Mitsotakis is a lucky man because Greece today is viewed as a stable (politically and economically) member of the EU. Notwithstanding all the legitimate criticism one can bring against his predecessor and SYRIZA, one should not forget that no other government than a Tsipras-led government could have brought about the solid financial base on which Mitsotakis can now build. Tsipras accomplished that by performing an incredible somersault. Essentially, he agreed to every screw that the EU put upon him. Perhaps it helped that he started enjoying being viewed as the darling of international elites, which undoubtedly he has become. Unwittingly, he made it possible for his successor to embark on a growth strategy for Greece.
If any government other than a Tsipras-led government had attempted to do the same thing as Tsipras has done, Tsipras would have mobilized the masses on the streets and the result would have been terrible for Greece.

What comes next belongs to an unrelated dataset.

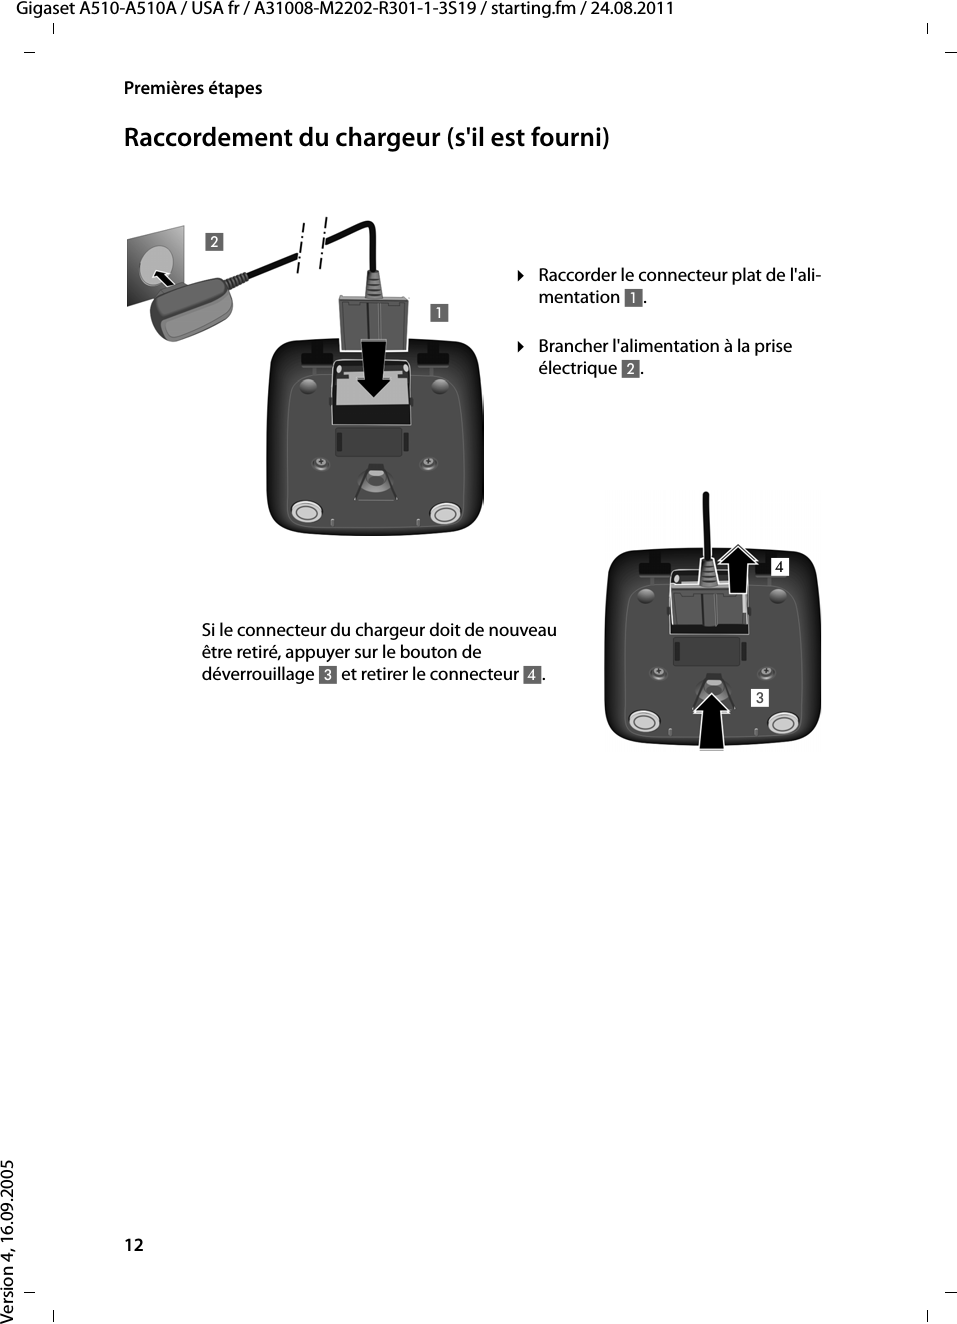 12Premières étapesGigaset A510-A510A / USA fr / A31008-M2202-R301-1-3S19 / starting.fm / 24.08.2011Version 4, 16.09.2005Raccordement du chargeur (s&apos;il est fourni)¤Brancher l&apos;alimentation à la prise électrique 2.¤Raccorder le connecteur plat de l&apos;ali-mentation 1.Si le connecteur du chargeur doit de nouveau être retiré, appuyer sur le bouton de déverrouillage 3 et retirer le connecteur 4. 1234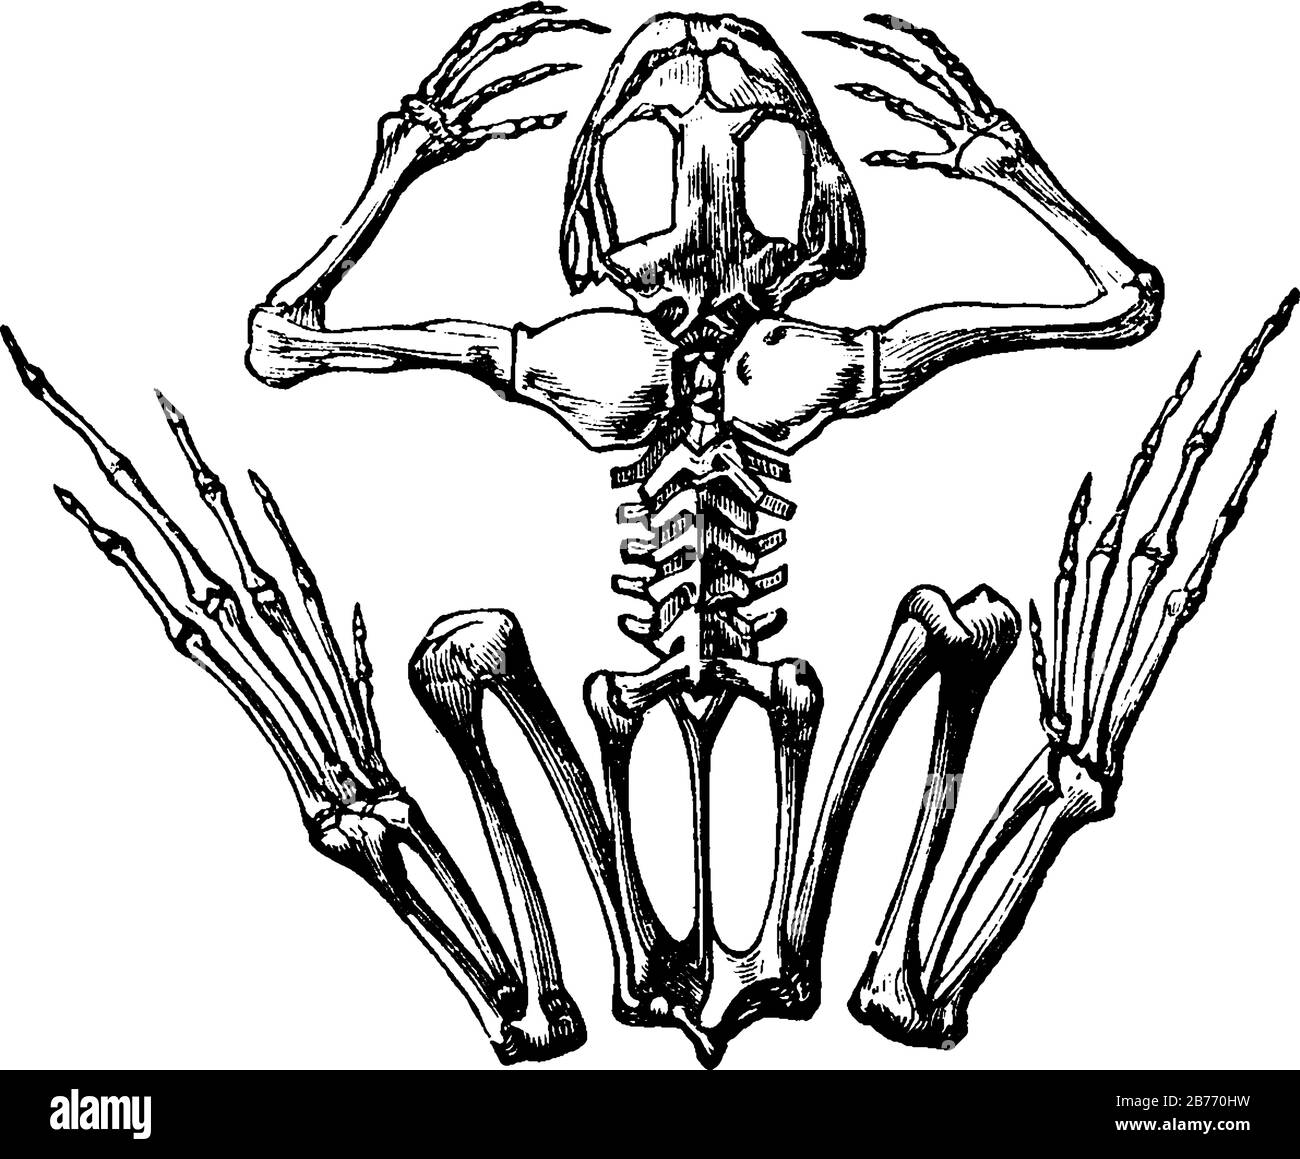 El esqueleto de una rana. Las ranas son un grupo carnívoro de anfibios de cuerpo corto y tailless del orden Anura produce una amplia gama de vocalizaciones, vin Ilustración del Vector

Thus, Tsipras has become sort of a tragic figure. He has done everything no one else could have accomplished and yet, someone else will get the praise for it. And that someone else is Kyriakos Mitsotakis.
Mitsotakis inherited a state which is operationally cash-positive. In fact, even interest can be paid out of revenues generated by the state. Furthermore, the state is said to have upwards of 25 BEUR in cash reserves. Enough to cover all debt service (including maturities) for the next few years. A sovereign debt problem cannot arise for a number of years.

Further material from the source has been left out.